Preferably, the rotor 4 is provided with 6 vanes 41, and the vanes 41 divide the pump cavity 13 into 6 sub-cavities.

Preferably, said sub-volume communicates with said first arc-shaped slot 15 or with said second arc-shaped slot 16.

Preferably, the vacuum pump has 6 cover plates 22, and the 6 cover plates 22 are uniformly distributed on the cover body 21 in a ring shape.

The working mode of the invention is as follows: as shown in fig. 1 to 6, when the vacuum pump is in a normal operation state, the cover plate 22 covers the cover body 21, thus forming a closed pump chamber 13, which, by driving the input shaft 3 in rotation, can bring about the rotation of the rotor 4 and thus of the blades 41, due to the action of centrifugal force, the end of the vane 41 is closely attached to the inner wall of the end cover 2, thereby dividing the pump cavity 13 into 6 sub-cavities, since the first and second arc-shaped grooves 15 and 16 communicate with the pump chamber 13, and the input shaft 3 is eccentrically disposed, so that the volume of the sub-volume changes constantly as the rotor 4 rotates, and in particular, as shown in figure 1, the volume of the sub-volume communicating with the first arc-shaped groove 15 is continuously increased, the volume of the sub-volume communicating with the second arc-shaped groove 16 is continuously decreased, thereby, the air is caused to enter the pump chamber 13 from the air inlet passage 11 through the connecting passage 18 and then to be discharged from the air outlet passage 12.

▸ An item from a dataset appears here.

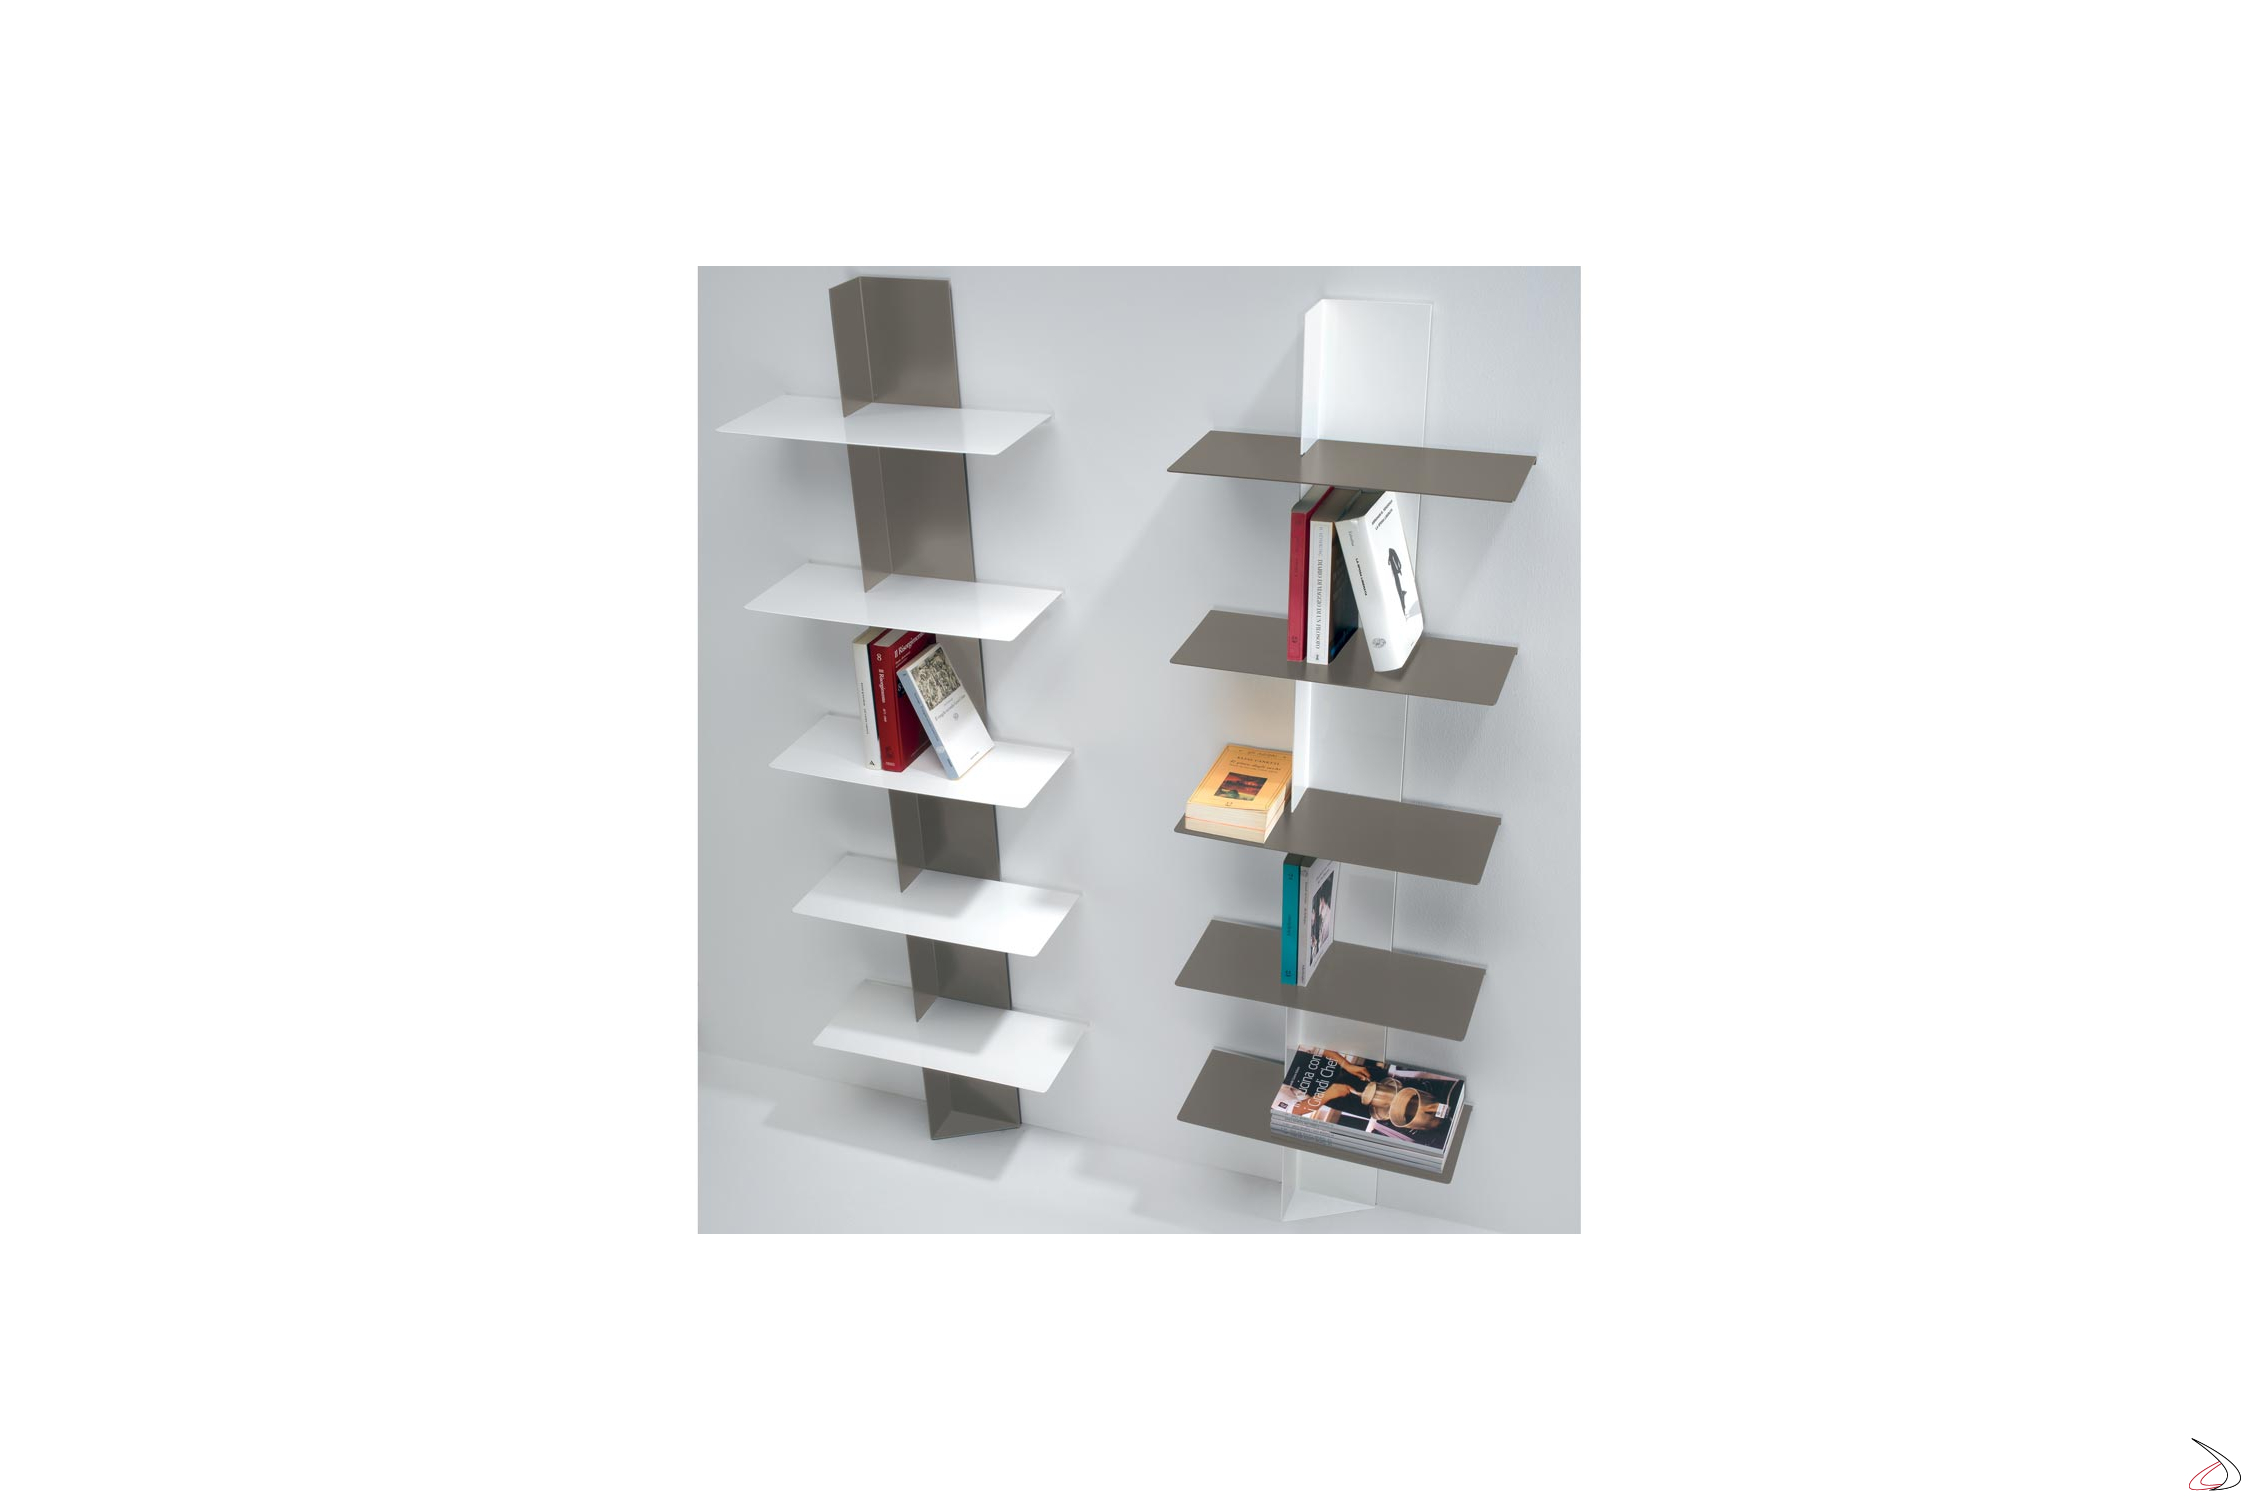 Libreria Verticale In Metallo.Libreria Verticale Sospesa In Metallo Colorato Lift Toparredi

When the air pressure in the booster is reduced, so that the air pressure difference between the air outlet channel 12 and the air inlet channel 11 is increased, the piston piece 52 overcomes the elastic force of the elastic piece 54 and moves from the first working position to the second working position, so as to drive the control plate 51 to rotate in the forward direction, as shown in fig. 7 to 10, when the control plate 51 rotates in the forward direction, the toggle piece 53 can be synchronously driven to rotate, so as to drive the cover plate 22 to rotate and open, so that the pump cavity 13 is communicated with the outside, the rotor 4 is in an idle running state, and when the piston piece 52 is located at the second working position, the air inlet channel 11 and the connecting channel 18 can be blocked, so that the vacuum state is maintained in the booster. It is worth mentioning that each sub-cavity is communicated with the outside by arranging 6 cover plates 22 on the cover body 21.

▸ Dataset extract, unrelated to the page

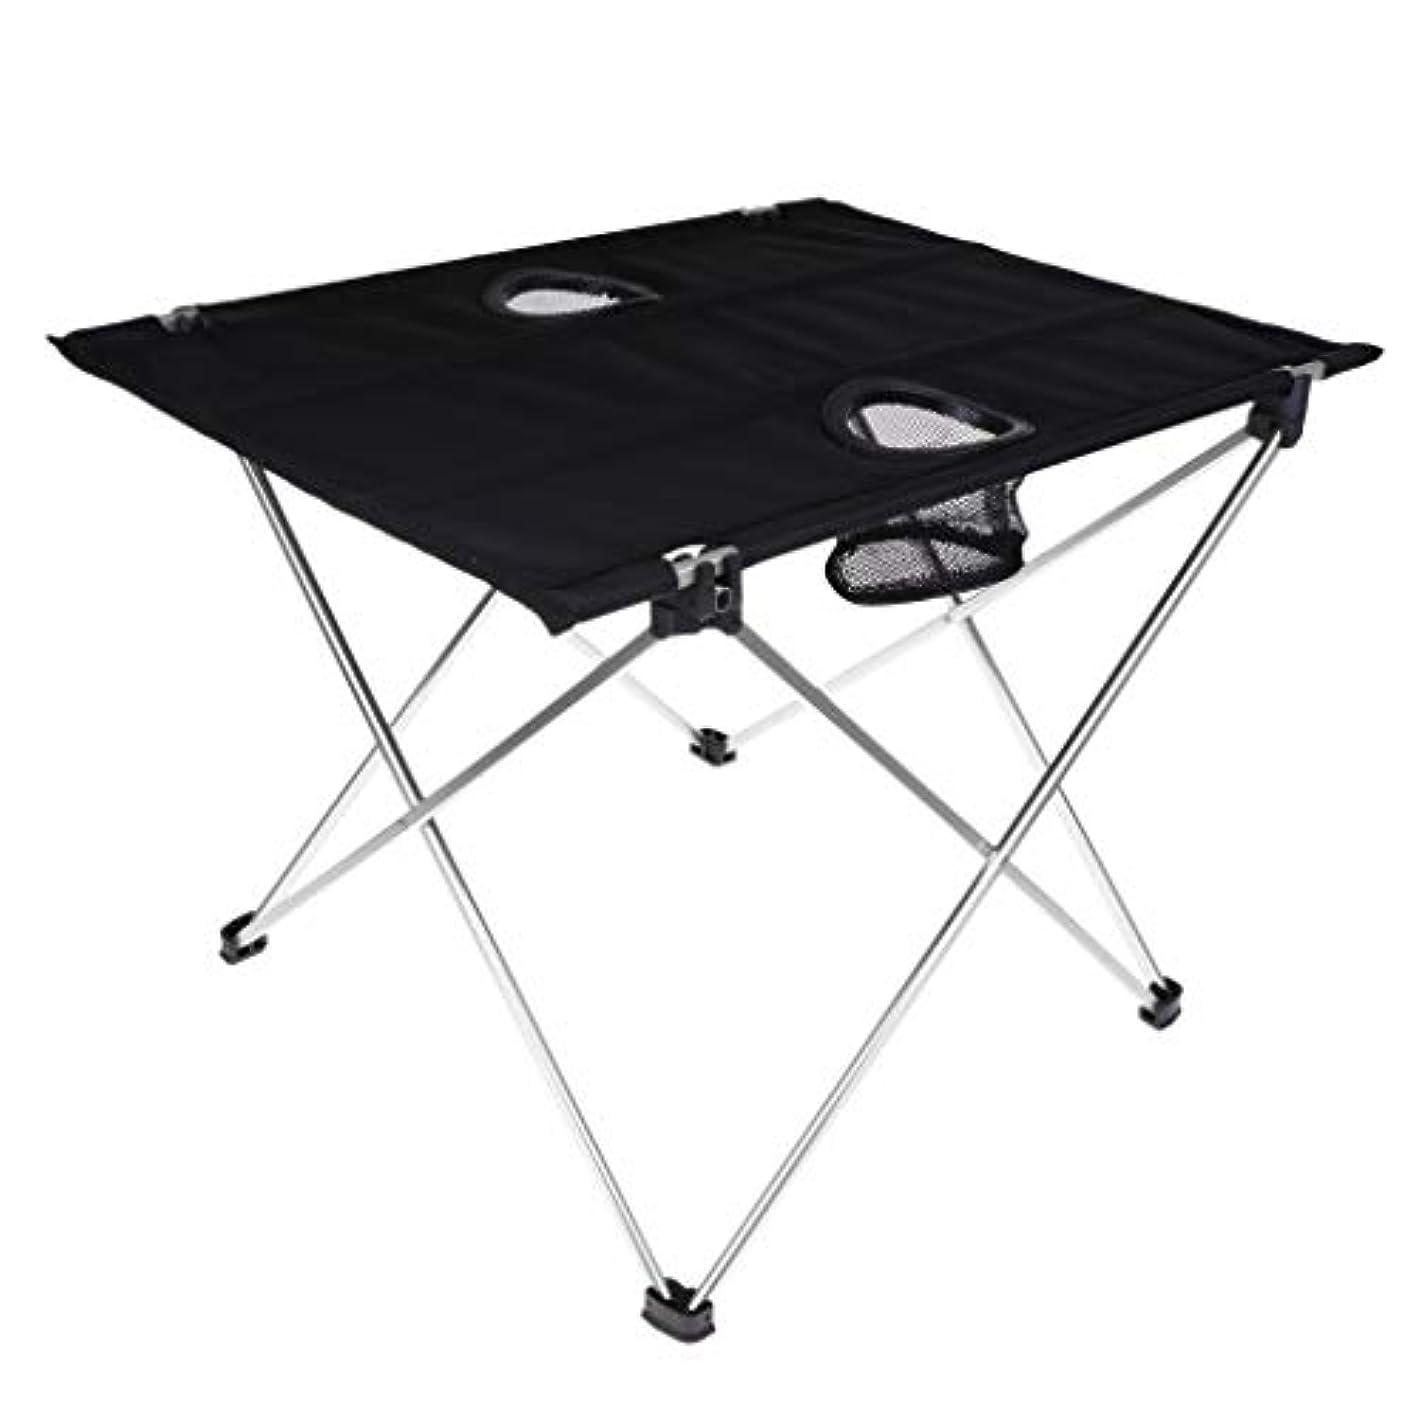 無関心手首ライオンF Fityle 折りたたみテーブル 折りたたみデスク キャンプ ピクニック バーベキュー用 全4色

When the air pressure in the booster is increased, the air pressure difference between the air outlet channel 12 and the air inlet channel 11 is reduced, the piston piece 52 moves from the second working position to the first working position under the action of the elastic piece 54, the air inlet channel 11 is communicated with the connecting channel 18, meanwhile, the control plate 51 can be driven to rotate reversely, the cover plate 22 is rotated reversely to seal the pump cavity 13, the rotor 4 can continue to do work, and the air in the booster is pumped out.

The booster circularly works in such a way, so that a certain vacuum degree can be kept in the booster, the power of an engine can be saved, and the energy consumption is reduced.

The technical features of the embodiments described above may be arbitrarily combined, and for the sake of brevity, all possible combinations of the technical features in the embodiments described above are not described, but should be considered as being within the scope of the present specification as long as there is no contradiction between the combinations of the technical features.

The above-mentioned embodiments only express several embodiments of the present invention, and the description thereof is more specific and detailed, but not construed as limiting the scope of the invention. It should be noted that, for a person skilled in the art, several variations and modifications can be made without departing from the inventive concept, which falls within the scope of the present invention. Therefore, the protection scope of the present patent shall be subject to the appended claims.